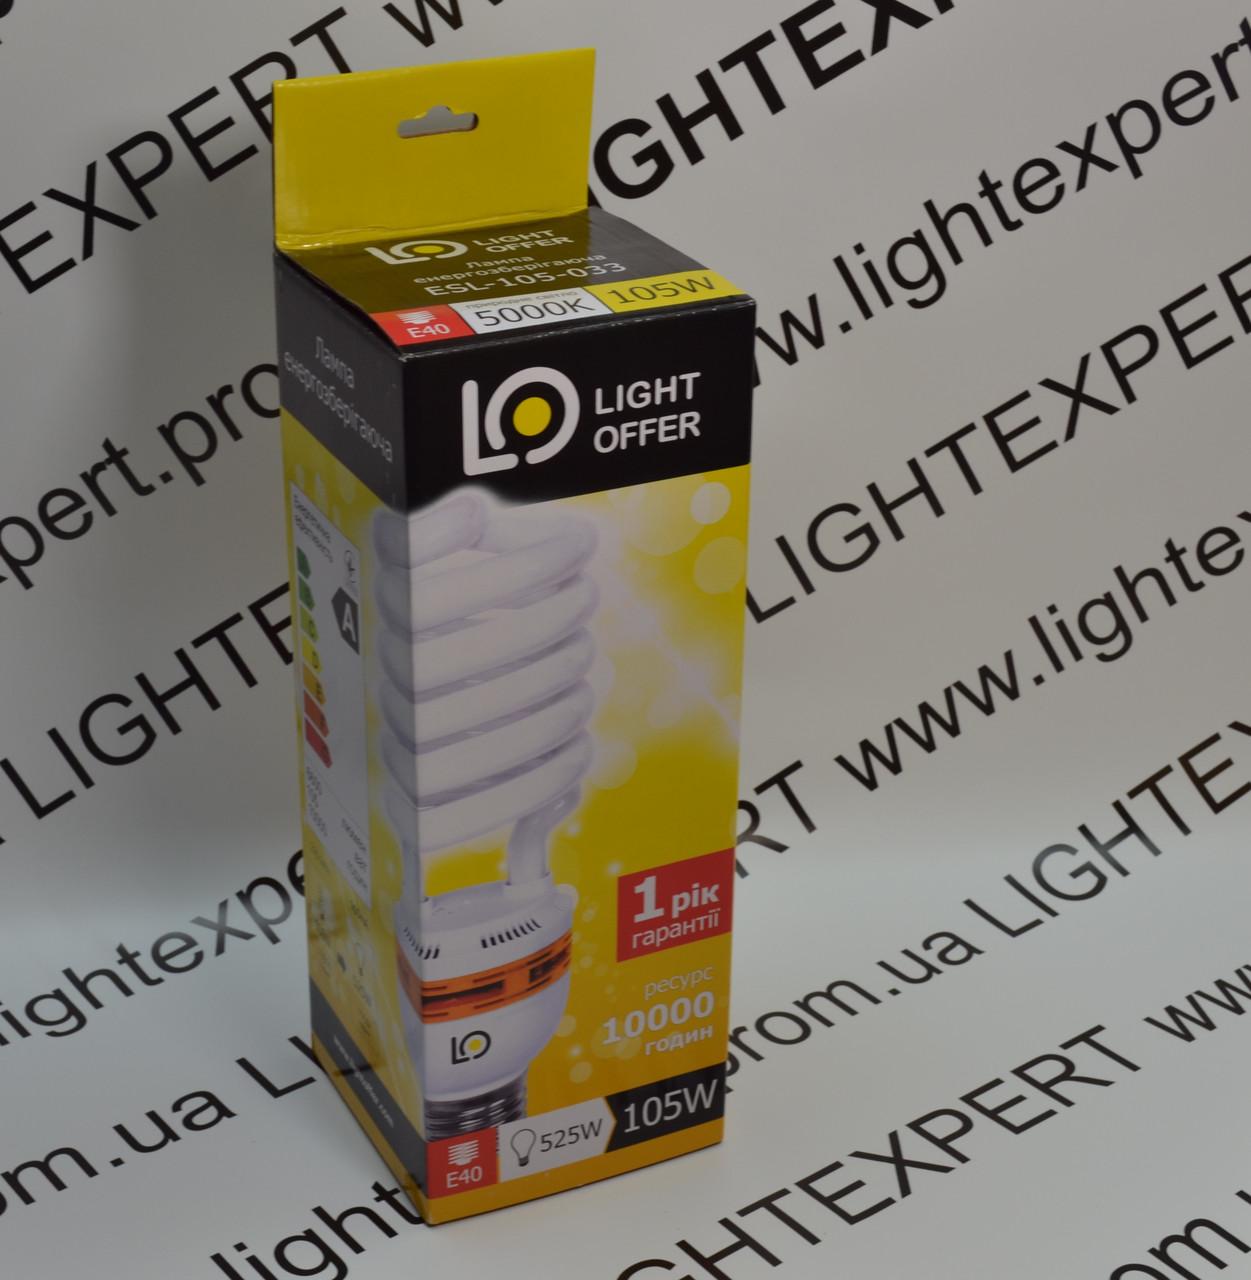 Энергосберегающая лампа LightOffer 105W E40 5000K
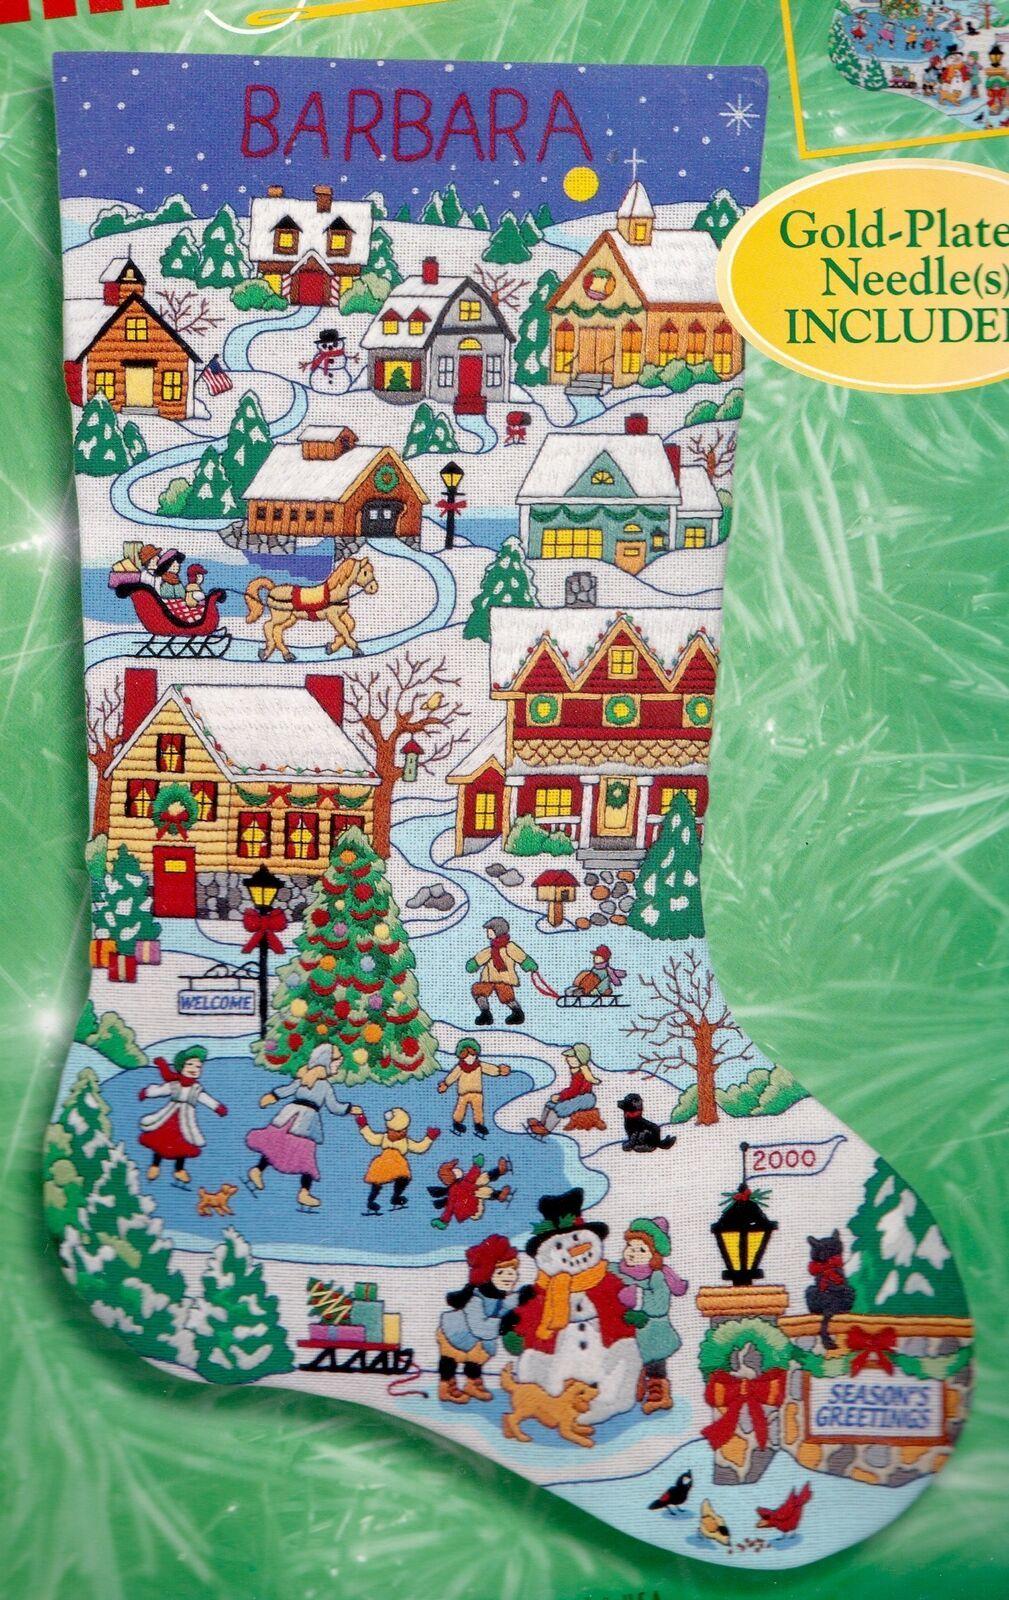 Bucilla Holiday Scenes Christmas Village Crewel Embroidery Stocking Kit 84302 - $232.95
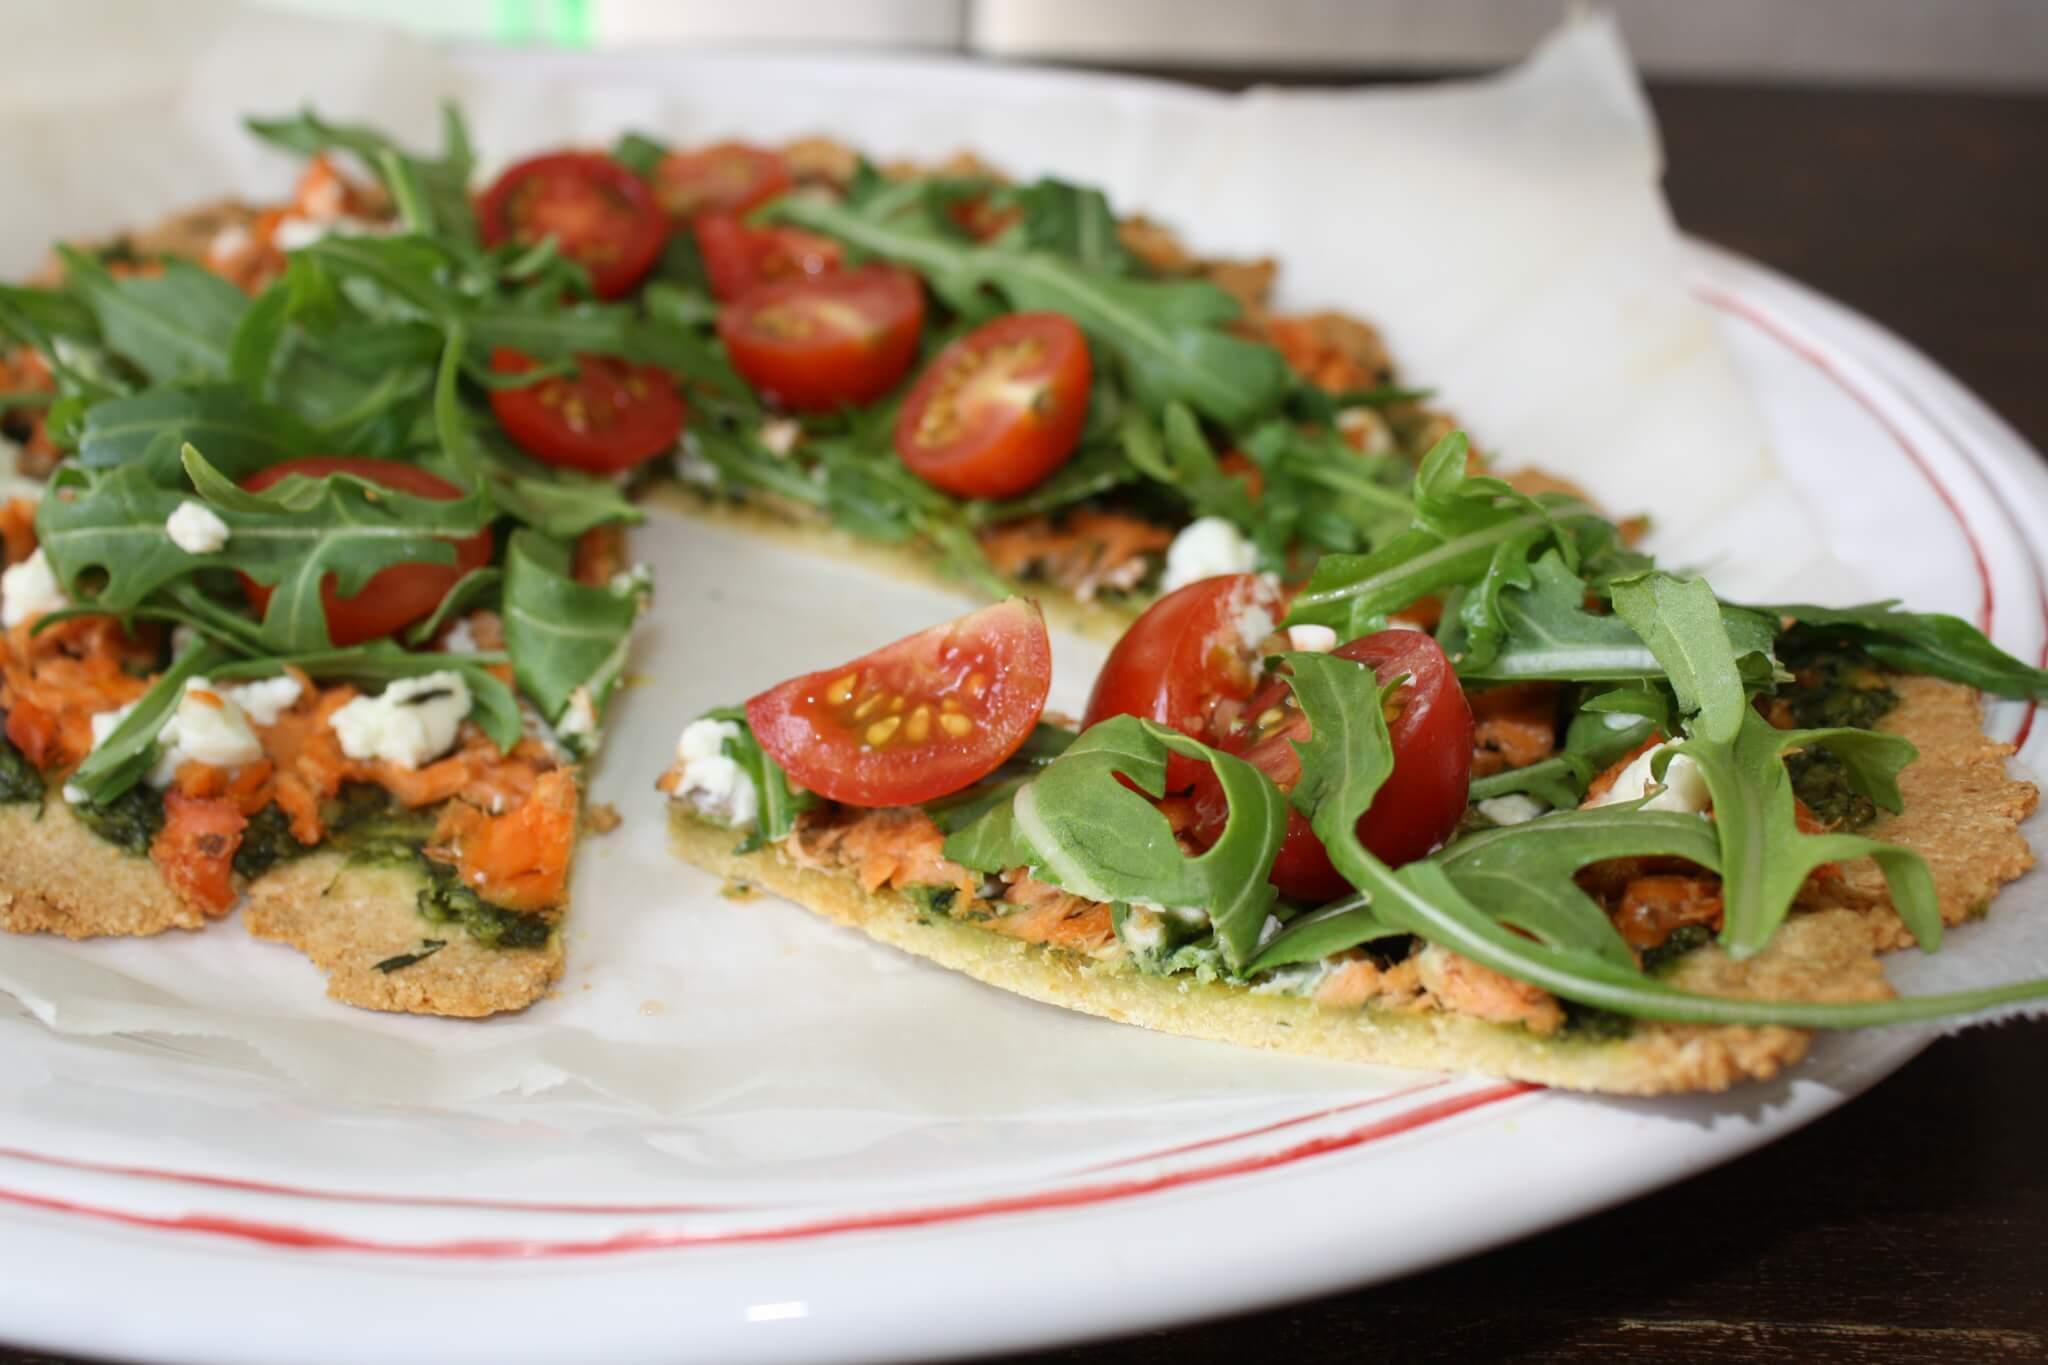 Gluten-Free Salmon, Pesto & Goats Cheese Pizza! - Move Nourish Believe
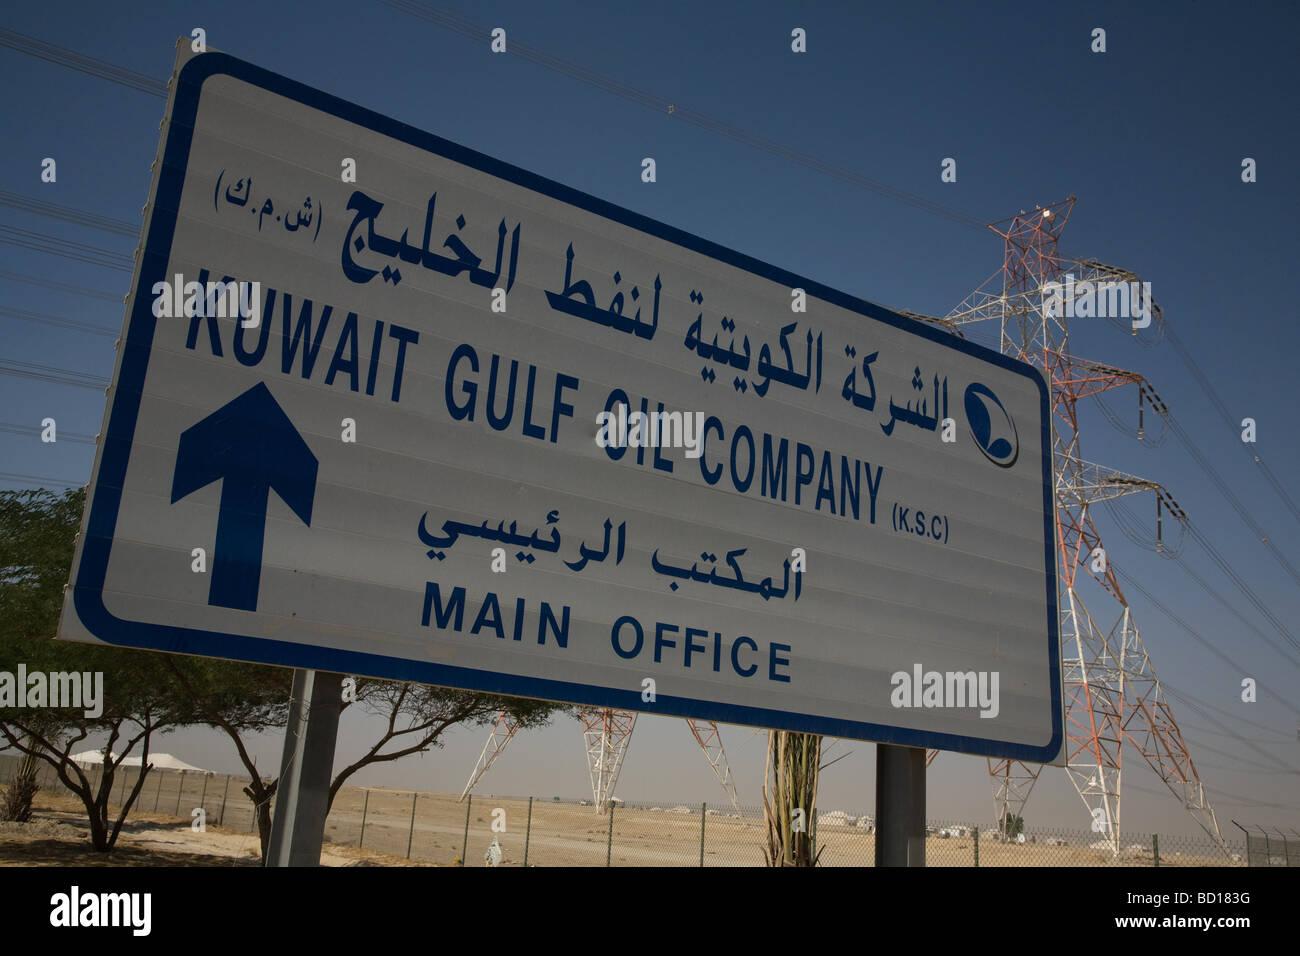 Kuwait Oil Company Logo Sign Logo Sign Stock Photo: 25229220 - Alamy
============================================================
## Work instructions
Omit the pictures, then retype the remaining material without a single change.

## Answer to this exercise
 Энергосберегающая лампа LightOffer 105W E40 5000K
 Bucilla Holiday Scenes Christmas Village Crewel Embroidery Stocking Kit 84302 - $232.95
 Gluten-Free Salmon, Pesto & Goats Cheese Pizza! - Move Nourish Believe
 Kuwait Oil Company Logo Sign Logo Sign Stock Photo: 25229220 - Alamy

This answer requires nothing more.